For as long as I can remember I wanted to be somewhere else. I couldn’t wait to get out of my hometown and make something of myself in a big city. The overall idea of this has never changed, even if the details concerning what I might be doing, have. In all these years my parents have encouraged me to keep my mind open to suburban or small-town life. Where I would be safe and a more stable lifestyle could take place. I always thought they didn’t understand how I felt or what I wanted. Their simplistic minds just could not comprehend the grandiose nature of what I envisioned for myself. Now, I think they understood and understand completely, but it takes time to decipher the difference between a fantasy and desired reality. It may take even longer to decide if, as a parent, you advise such a life choice.
No one wants to see their child’s heart broken when all their dreams are crushed, because big dreams often lead to big disappointments. At some point the idealistic claims of a child become the long term goals of a young adult, and the parent has a choice to get behind them, or try and block the way. The most remarkable of parents, including my own, will decide on the former, and support their child in their journey toward success. There are things that our parents do that can seem insignificant or even routine, to let us know that somehow, they will always accompany us on the path that we decide to take. That in fact, they will be there every step of the way.
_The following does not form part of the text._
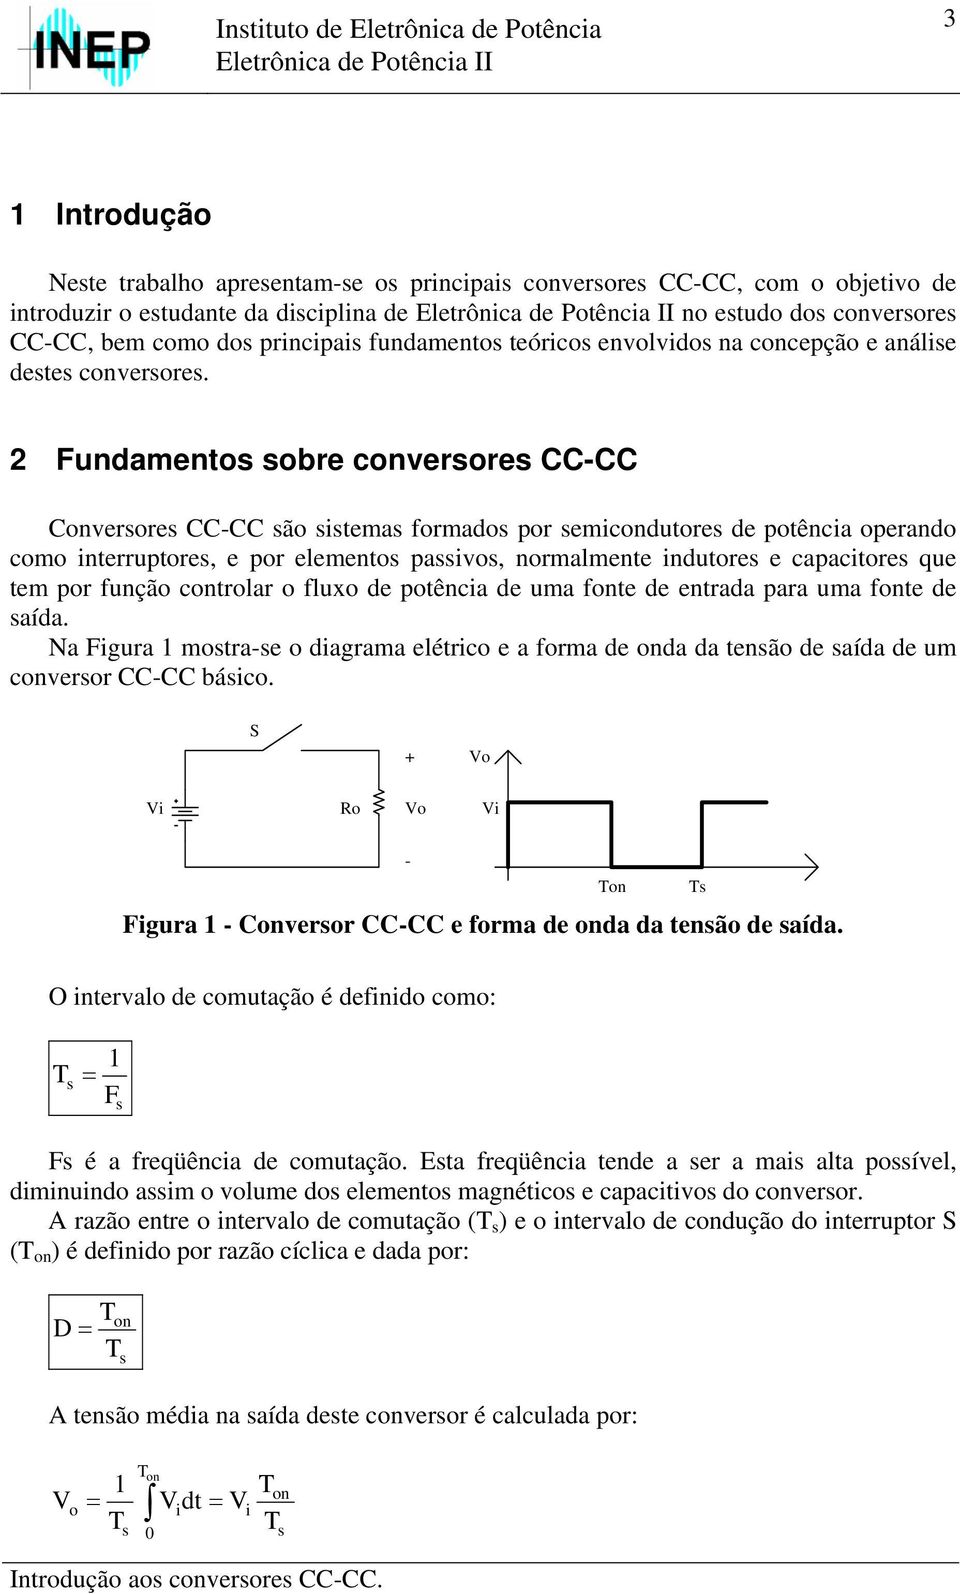 2 Fundamento obre converore CCCC Converore CCCC ão tema formado por emcondutore de potênca operando como nterruptore, e por elemento pavo, normalmente ndutore e capactore que tem por função controlar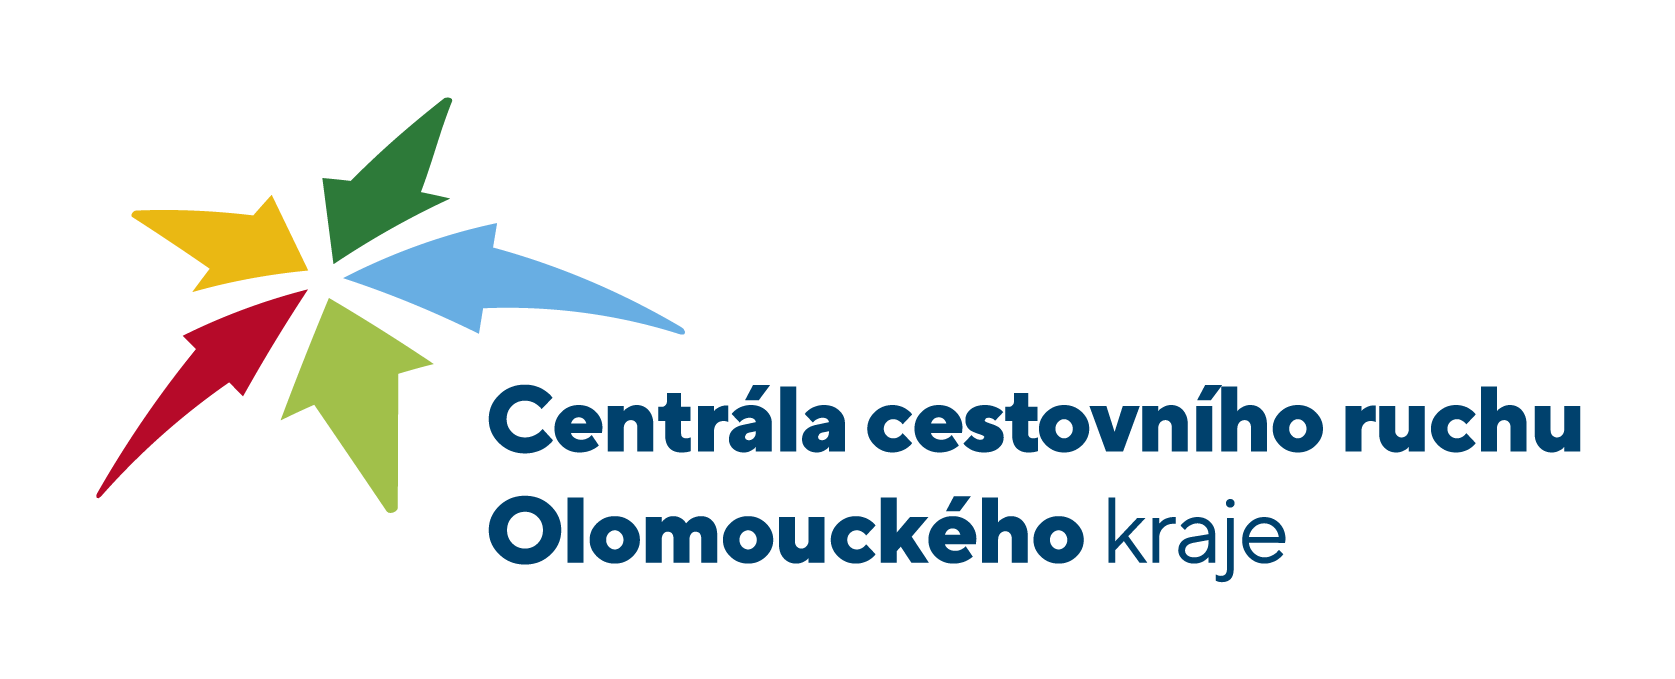 Centrála cestovního ruchu Olomouckého kraje

On one of our most recent trips, it came to my parents’ attention that I needed a suitcase. We went out and bought one together and I was admittedly emotional at the thought. I felt like I was a real grown-up who was going to do real grown up things like take trips and pack a suitcase and oh my word was I growing up faster than I anticipated. It became much worse when my father mentioned that the suitcase would be the perfect size to bring home on the plane rides during breaks from college. It was the first time I had heard him admit that I would probably be out of state for college and wouldn’t be able to just drive back. Buying the suitcase was his subtle way of helping me along on any trip I might take, even if it was one that led me away from him. It was the bravest statement I ever heard my father make.
Eventually, children turn into adults. What we want our futures to look like could change drastically from age seven to age seventeen. But eventually the people who raised us will realize the seriousness in our tones when we talk about what we want out of life and that our dreamy eyes have turned bright and excited to see a world full of possibilities. There is no question as to where we are going, only how close by you will be while we are on our way there. With my parents in full support of me, I can feel safe going forward, as I take these next few steps in my life. In know that they will always be with me, I will take their blessing with me wherever I go, and I could not be more pleased.